The title is misleading, calculated, no doubt, to chime in with the pastoral mood of the times. 1970, of course, falls bang into the great phase of British rural psychedelia and folk-rock: the foundational year of Steeleye Span, a time when the likes of Forest, Trees, Fairport Convention, Vashti Bunyan, Led Zeppelin and many others were all lacing their moonshine music with inspiration from real or imagined communion with Britain’s folkloric heartland. By making “John Barleycorn” the flagship song, Traffic – sometime residents of a suitably psychedelic rural retreat in Aston Tirrold, Berkshire – were making a last effort to harvest some fashionably rustic associations. That’s backed up by the engraving of a bushel of barley on the front cover, on background of ochre burlap, and lettering in a kitschy log-based font.
But in truth, John Barleycorn is a much more sophisticated affair, pointing more towards jazz and improvisation than folkish simplicity. Their arrangement of the song is a beautiful and economical one, the slightly soured tuning on the acoustic guitar offset by Chris Wood’s gorgeous, flighty flute trills.

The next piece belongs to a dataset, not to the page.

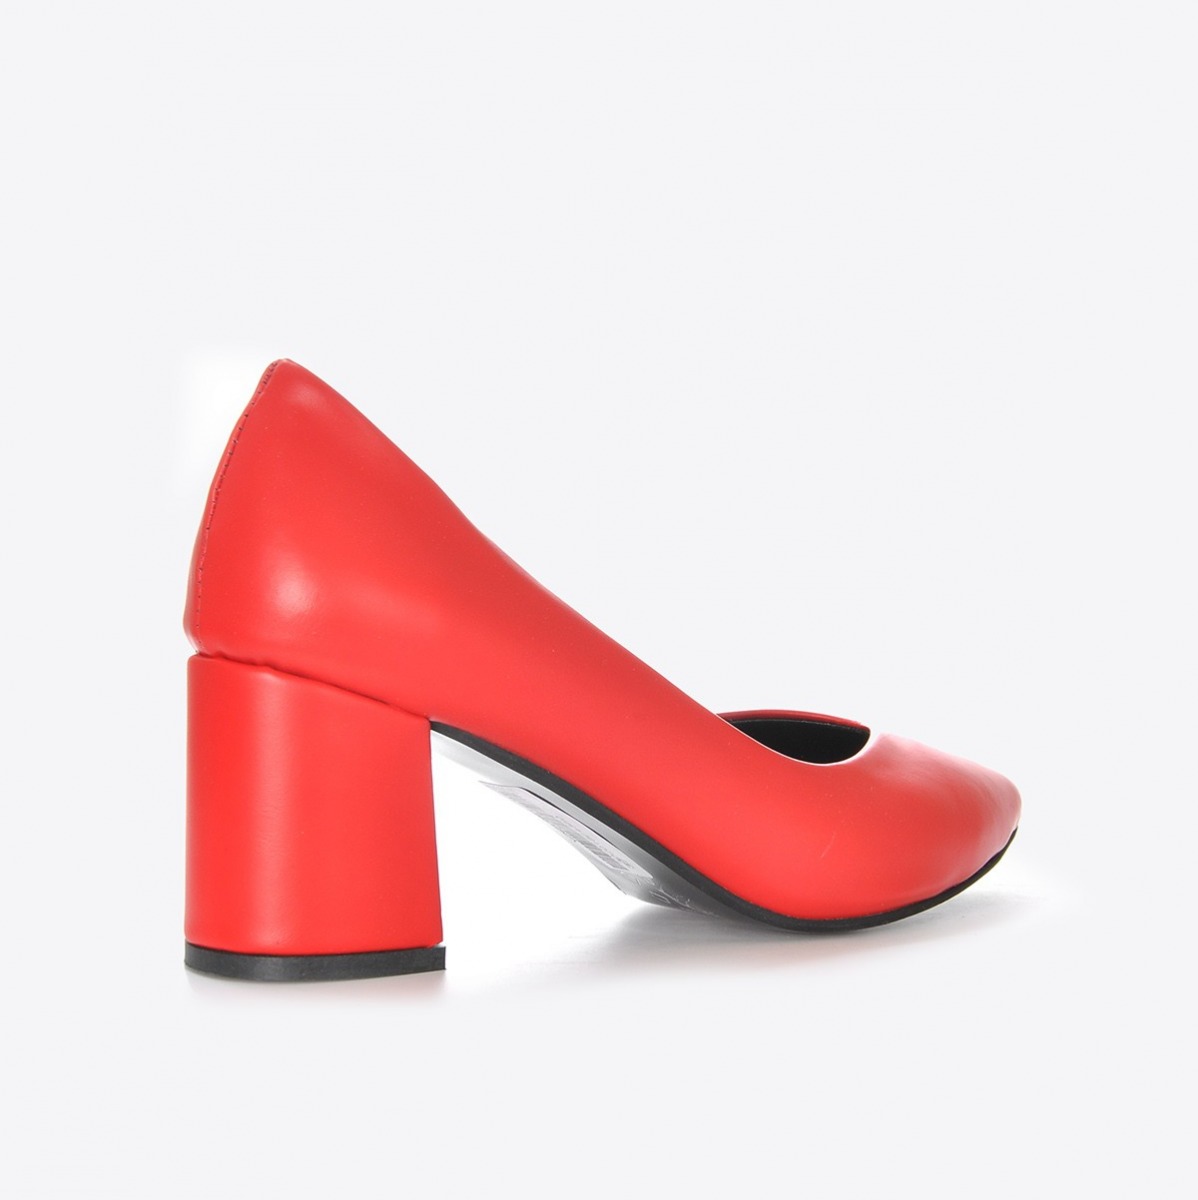 Flo Kadın Kırmızı Klasik Topuklu Ayakkabı VZN21-002Y. 5

And yet the opening instrumental “Glad” is far from folk-rock. Slamming in with a Motown-style backbeat ticked off on the rim, Winwood’s piano is spiced like a cocktail snack, a soul-jazz lick flavour alternating with horn-stings and Wood’s ‘electric saxophone’, doubled through wah-wah and distortion pedals, creating a psychedelic dialogue with the acoustic instruments.
The maudlin “Freedom Rider” is the album’s weak link, while “Empty Pages” – “A song about boredom” as it’s introduced live – rolls amiably on some very tight drum work from Capaldi. On “Stranger To Himself” Winwood plays all instruments, from the expansive drum pattern to interjections on electric guitar and a sitar-like acoustic. “Every Mother’s Son” features some of his finest organ playing, wrapping the whole song in a pearly marmalade comfort blanket.
Traffic showed flagging interest in digging where contemporary folk-rockers delved, and from here on their music became a cosmopolitan, auditorium-funk gumbo. The November 1970 Fillmore East live material included on the second disc doesn’t even include “John Barleycorn” in the setlist. After a minute and a half of dressing-room ambience, Bill Graham announces, “In association with Her Majesty the Queen… we bring you Traffic”. It’s an electrifying set – including new track “Medicated Goo” and a 14-minute, loose-limbed medley of “Glad” and “Freedom Rider”, that only sags on the lumbering “Who Knows What Tomorrow May Bring”.
Even if they didn’t subsequently embrace the folk mythos, the pagan spirit of John Barleycorn worked its ancient magic upon the group, resurrecting these “three men came out of the west”, and granting them another four circuits of the sun.